HELD: YES. Court set aside NLRC ruling and reinstated GENILO ORDER with modification that personal liability for
the backwages of the 22 strikers be limited to Ruben Hernandez (President of RANSOM in 1974), jointly and severally
with other Presidents of RANSOM from 1972 up to the time corporate life was terminated.
- If the employer is a corporation, Article 212 (c) of the Labor Code provides: 'Employer includes any person acting in
the interest of an employer directly or indirectly. The term shall not include any labor organization or any of its
officers or agents except when acting as employer.
- Since RANSOM is an artificial person, it must have an officer who can be presumed to be the employer, being the
"person acting in the interest of employer". The responsible officer of an employer corporation can be held
personally, not to say even criminally, liable for non-payment of back wages, which is provided in the Minimum
Wage Law, Section 15(b): If any violation of this Act is committed by a corporation, trust, partnership or
association, the manager or in his default, the person acting as such when the violation took place, shall be
responsible.
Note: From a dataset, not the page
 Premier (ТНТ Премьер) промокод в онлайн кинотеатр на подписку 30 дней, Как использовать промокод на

In the case of a government corporation, the managing head shall be made responsible, except when
shown that the violation was due to an act or commission of some other person, over whom he has no control, in
which case the latter shall be held responsible.
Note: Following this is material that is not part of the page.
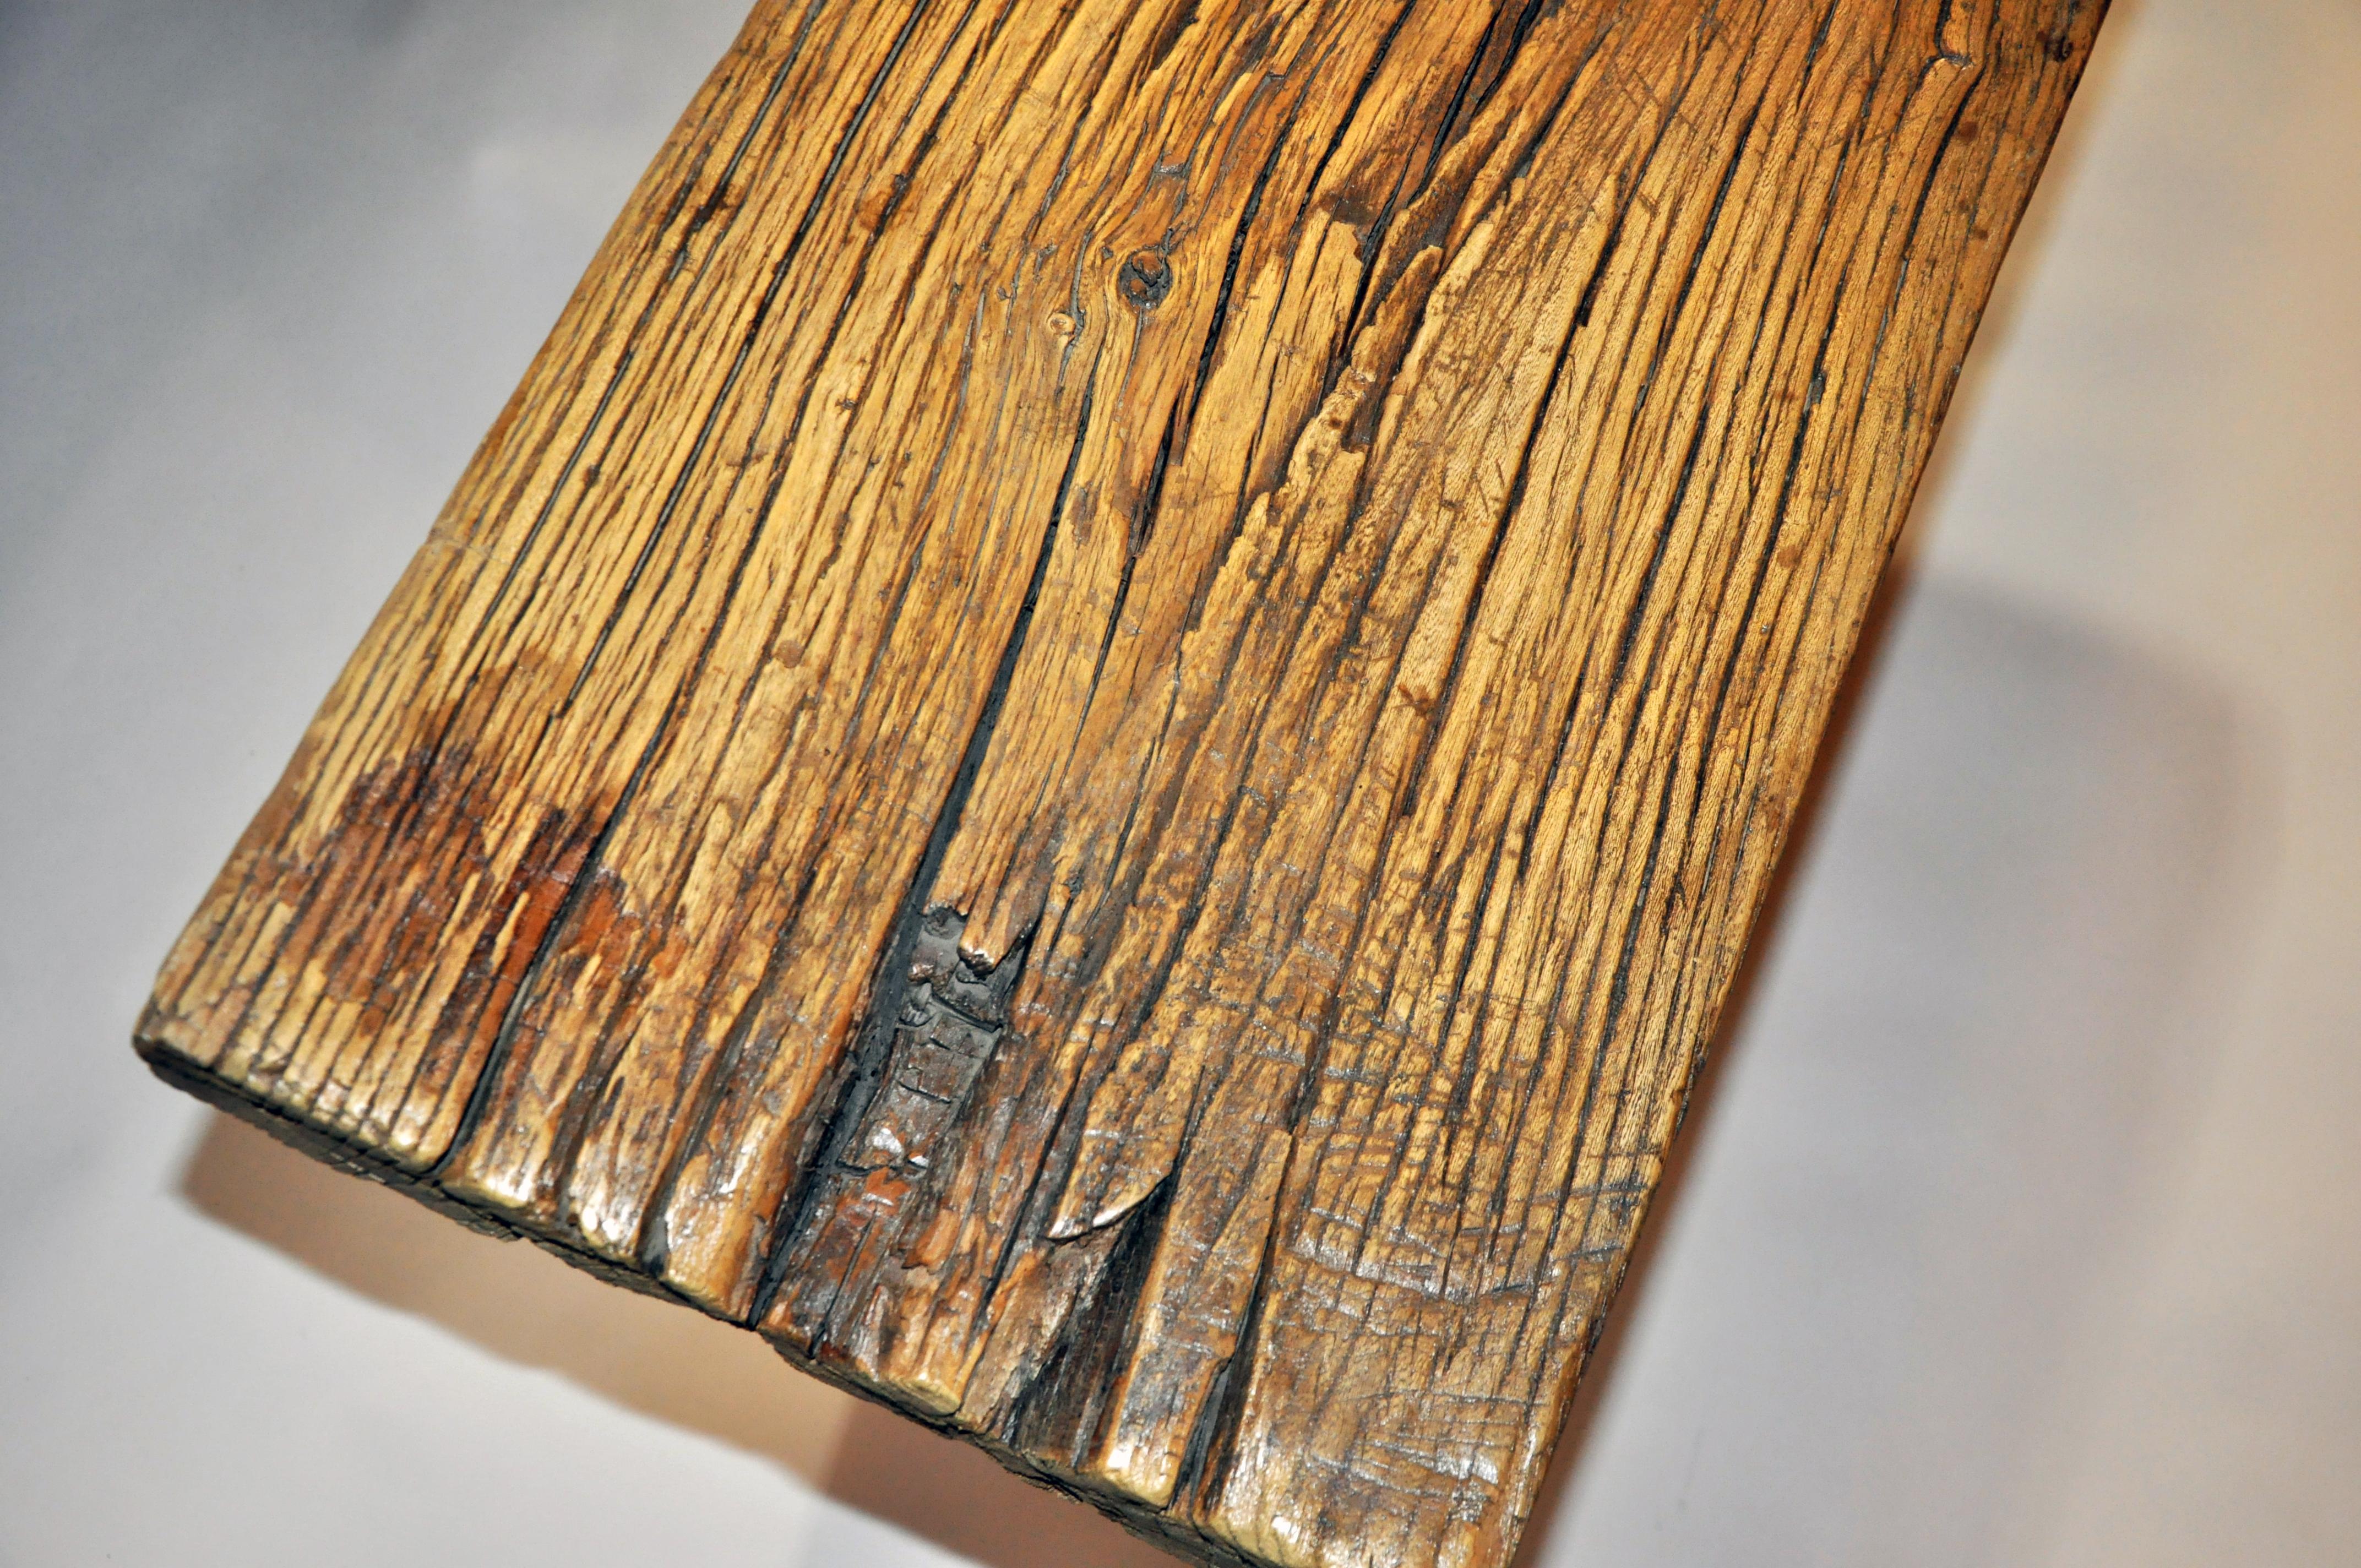 Custom Made Cedar Wood Altar Table 10

- In PD 525, where a corporation fails to pay the emergency allowance therein provided, the prescribed penalty "shall
be imposed upon the guilty officer or officers" of the corporation.
- The record does not clearly Identify "the officer or officers" of RANSOM directly responsible for failure to pay the back
wages of the 22 strikers. In the absence of definite proof in that regard, we believe it should be presumed that the
responsible officer is the President of the corporation who can be deemed the chief operation officer thereof. Thus, in
RA 602, criminal responsibility is with the "Manager" or in his default, the person acting as such. In RANSOM, the
President appears to be the Manager.
- Since non-payment of the back wages of the 22 strikers has been a continuing situation, personal liability of the
RANSOM President, at the time the back wages were ordered should also be a continuing joint and several personal
liabilities of all who may have thereafter succeeded to the office of president. Otherwise, the 22 strikers may be deprived
of their rights by the election of a president without leviable assets.